Does anybody visit Book A Minute?


----------



## Scott Bushey (Aug 6, 2005)

Thats funny! It's like Cliff notes on speed!

[Edited on 8-6-2005 by Scott Bushey]


----------



## Richard King (Aug 6, 2005)

The complete works of e. e. cummings on this site under classics...is HILARIOUS!


----------



## crhoades (Aug 6, 2005)

I had to chuckle at Augustine's Confessions and Dante's Inferno


----------



## RamistThomist (Aug 6, 2005)

> _Originally posted by crhoades_
> I had to chuckle at Dante's Inferno


A thousand times  to that!


----------



## daveb (Aug 6, 2005)

I like the LOTR and the Hitchhiker's Guide.


----------



## SolaScriptura (Aug 6, 2005)

I got a hoot out of Augustine's Confessions!  Additionally, I thought Great Expectations was a good summary!


----------



## LadyFlynt (Aug 6, 2005)

Huckleberry Finn was the shortest one I saw (goes rafting. goes home.) *rolls eyes*


----------



## Puritanhead (Aug 6, 2005)

_Augustine's Confessions_ is my life story.


----------



## cupotea (Aug 7, 2005)

Hawthorne's _Scarlet Letter_ is pretty hilarious too! "They won't let her play any Evil Puritanical Society Games." 

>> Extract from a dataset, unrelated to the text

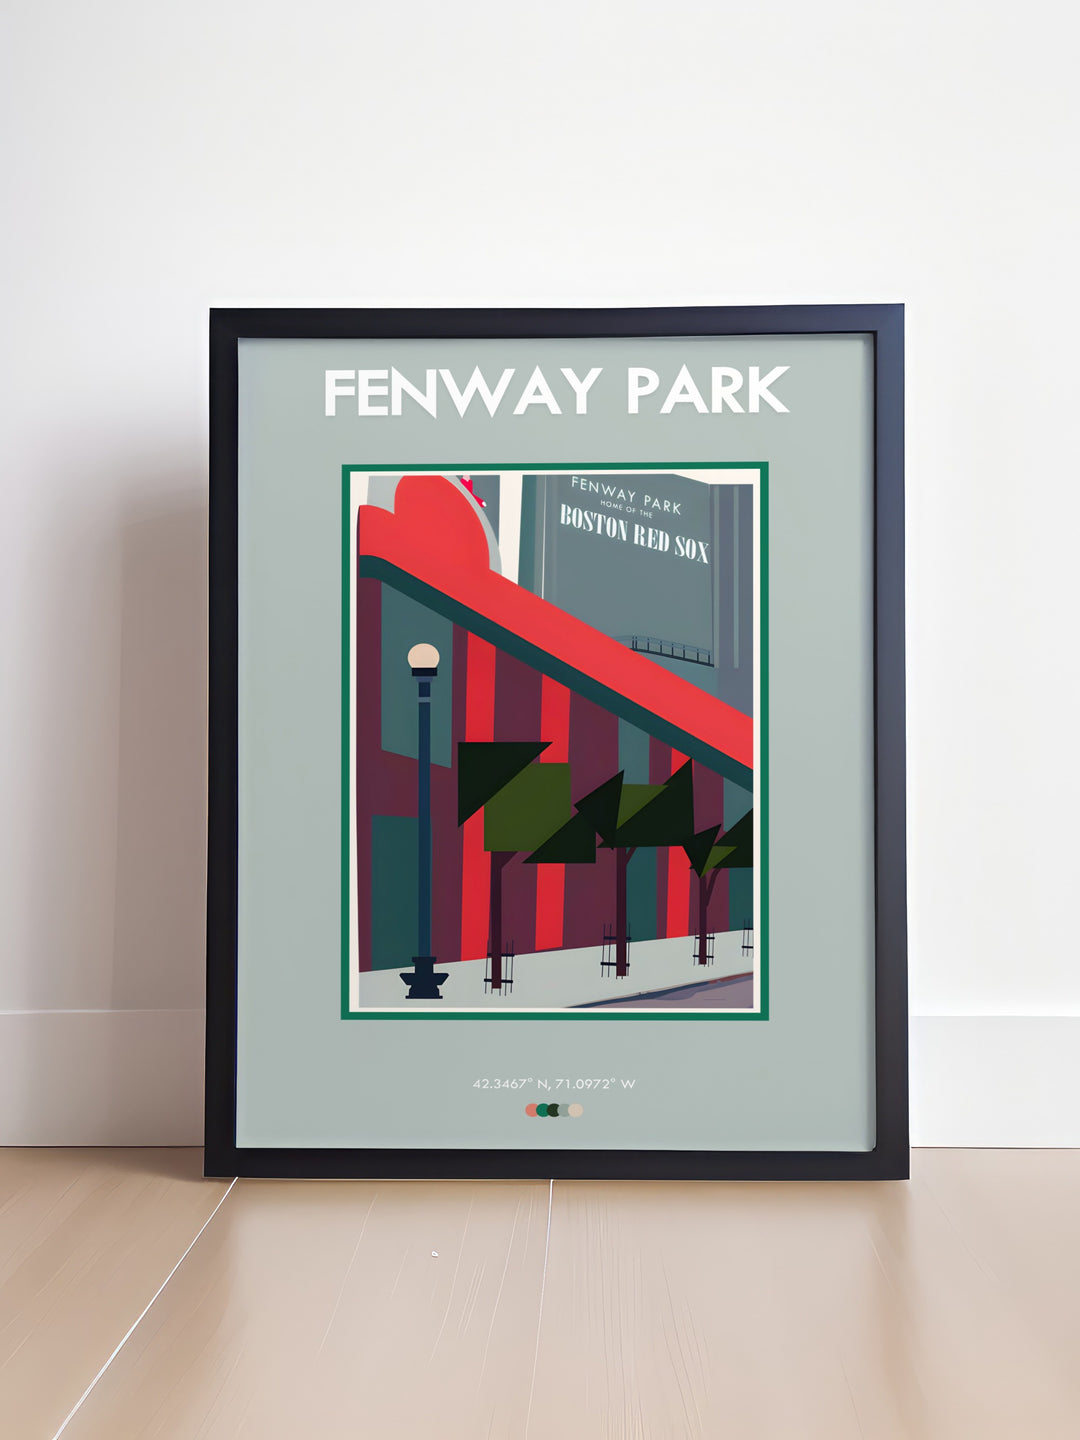 Red Sox Print capturing the energy and excitement of Fenway Park on game day a beautiful piece of art for baseball fans and a thoughtful gift idea for dads who love the Red Sox and the rich history of the team.

Wait, I think _The Crucible_ may top that! 

The sad thing is, there's enough evidence here that I probably actually could write an essay using it!! 

[Edited on 8-7-2005 by Cottonball]


----------



## VirginiaHuguenot (Aug 7, 2005)

> _Originally posted by Scott Bushey_
> Thats funny! It's like Cliff notes on speed!
> 
> [Edited on 8-6-2005 by Scott Bushey]





I enjoyed the companion site on movies too, especially _When Harry Met Sally_.


----------



## Bryan (Aug 15, 2005)

I didn't like the Dune entry, but I did like the Augustine one.

Bryan
SDG


----------



## biblelighthouse (Aug 15, 2005)

Here's their ultra-condensed version of "A Tale of Two Cities" ---

Doctor released,
Marquis deceased,
Darnay acquitted,
Monarchy submitted,
Marriage announced,
Darnay denounced,
Places are switched,
Blades are twitched,
Seamstress cries,
Carton dies. 


THE END


----------